[18日 ロイター] - 地球温暖化が冬季五輪の開催にも忍び寄っている。温暖化ガスの排出を今世紀末までに大幅に削減できなければ、過去の冬季五輪開催都市のなかで再開催できるのは札幌(1972年開催)のみ、という研究報告が18日に公表された。

ウォータールー大学を中心とする国際研究チームは、1920年代以降の気候データと将来の気候変動傾向を基に調査。サンモリッツ(スイス)やリレハンメンル(ノルウェー)は温暖化の影響で開催できる環境ではなくなると予想された。

調査によると、開催都市の2月の日中の平均気温は一貫して上昇。20年代から50年代は0.4度だったのが、60年代から90年代は3.1度に上昇し、21世紀は来月開催の北京を含めて同6.3度となる。

ウォータールー大学のダニエル・スコット教授(地理学・環境管理)はロイターに「いまの温度上昇傾向が続けば、今世紀末に環境的に再開催可能な都市は札幌のみとなる」と述べた。かつて再開催可能な都市は少なくとも21都市あったが、今世紀半ば時点で、それより少なくなる見通しという。

冬季五輪の開催都市は1924年の第1回のシャモニー(フランス)をはじめ、欧州が半数以上が占める。しかし欧州のアルプス地域は温暖化の影響が出始めている。

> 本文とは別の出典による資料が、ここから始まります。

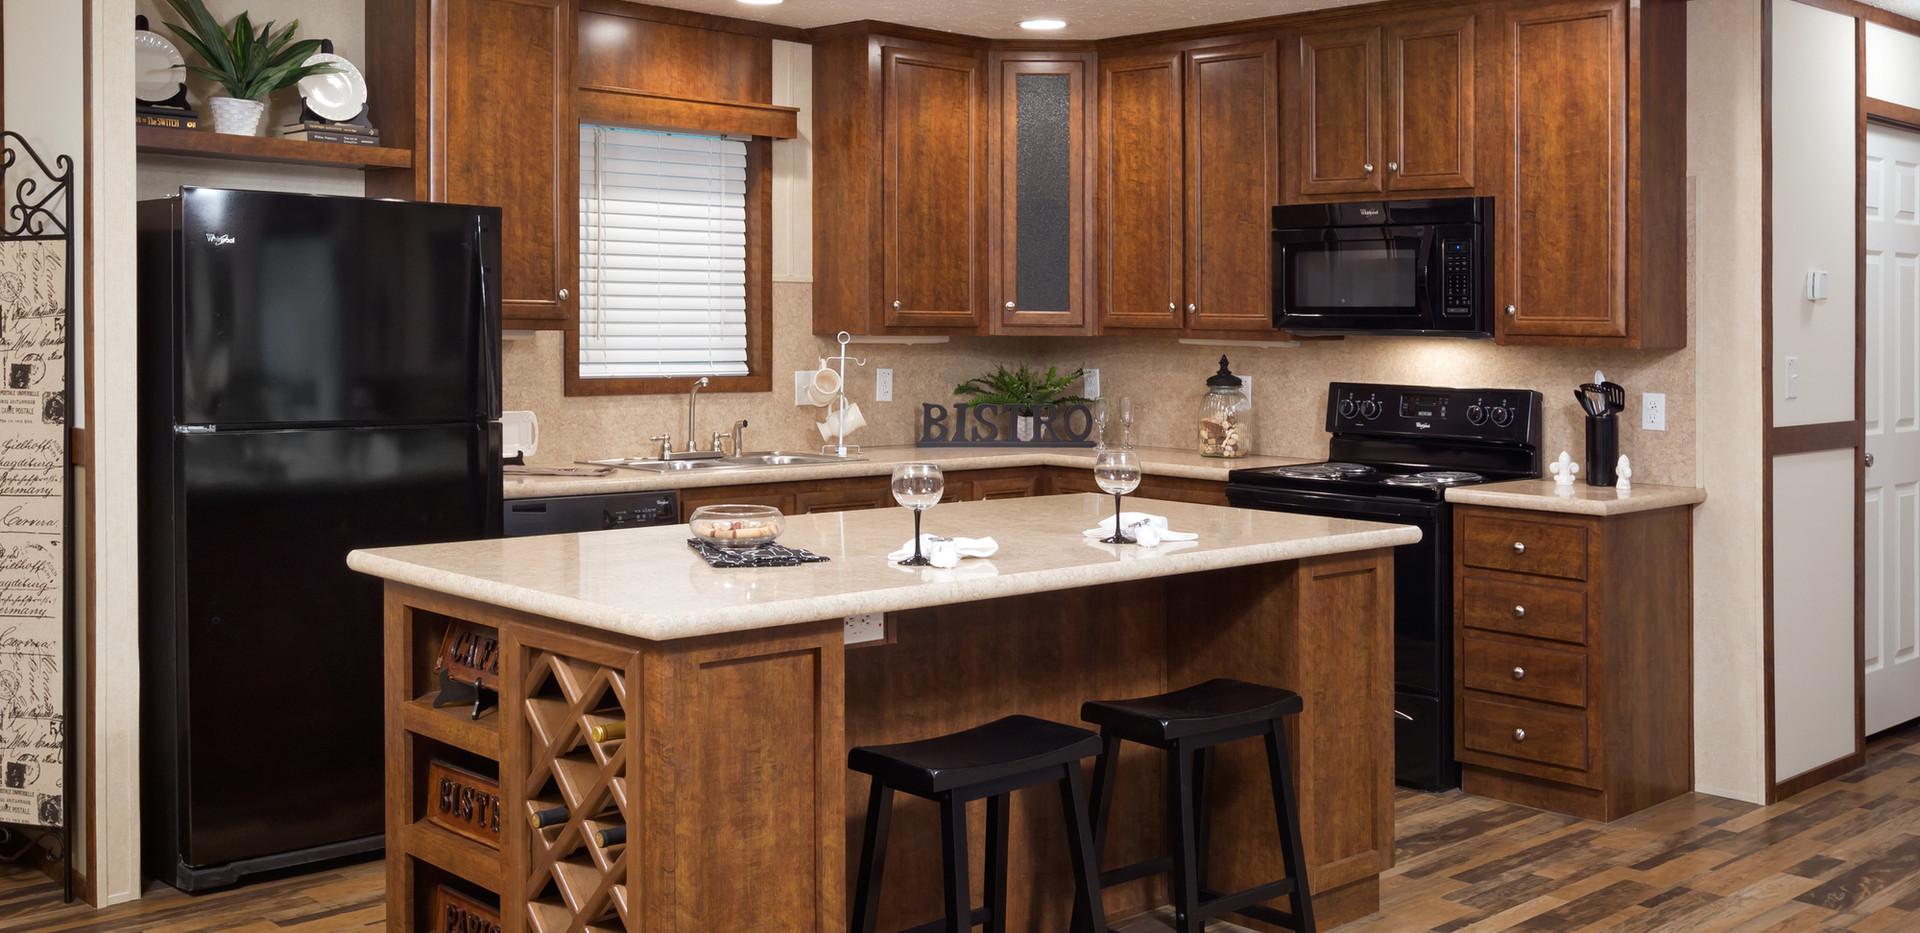 Dutch Diamond 2856-215-Kitchen.jpg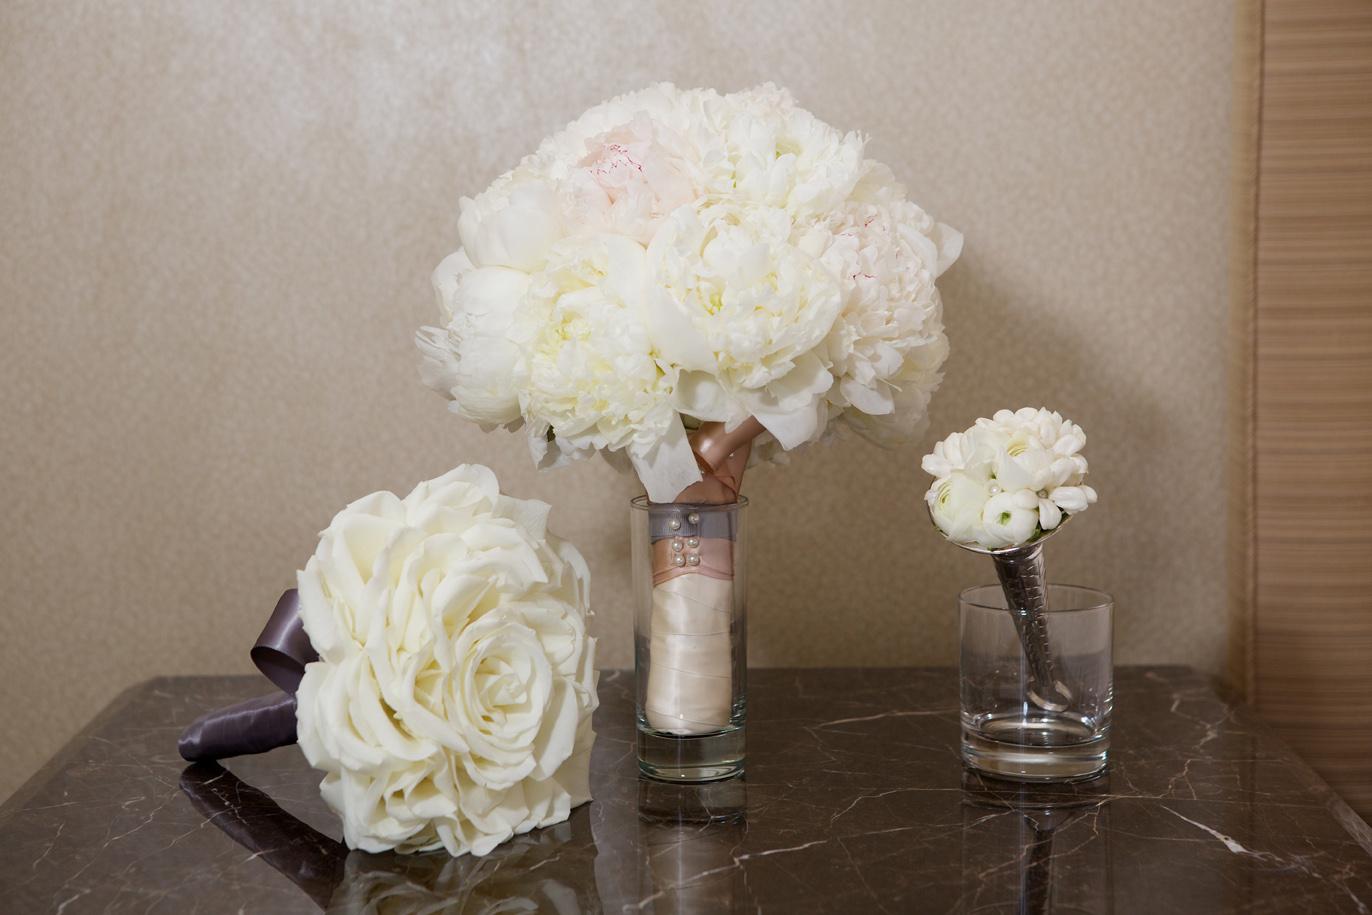 Wedding Bouquet: Discover the Unique Glamelia Rose Bouquet - Inside ...

スコット教授は、今回の研究は国際オリンピック委員会(IOC)に開催都市の選定で一段の柔軟性が必要というメッセージを送っていると述べた。

研究チームは、各国の選手やコーチにも調査。89%が変化する天候パターンが競技環境に影響を与えていると回答。気候変動が競技種目の将来に影響を及ぼすことを懸念する割合は94%だった。

スキーなど雪上スポーツの選手の衝突や負傷が増えたのは、周辺温度の上昇と雪の状態が悪いことが一因と指摘した。

過去3回の冬季五輪では、アルペンスキー、スノーボード、フリースタイルで負傷件数が最も多かった。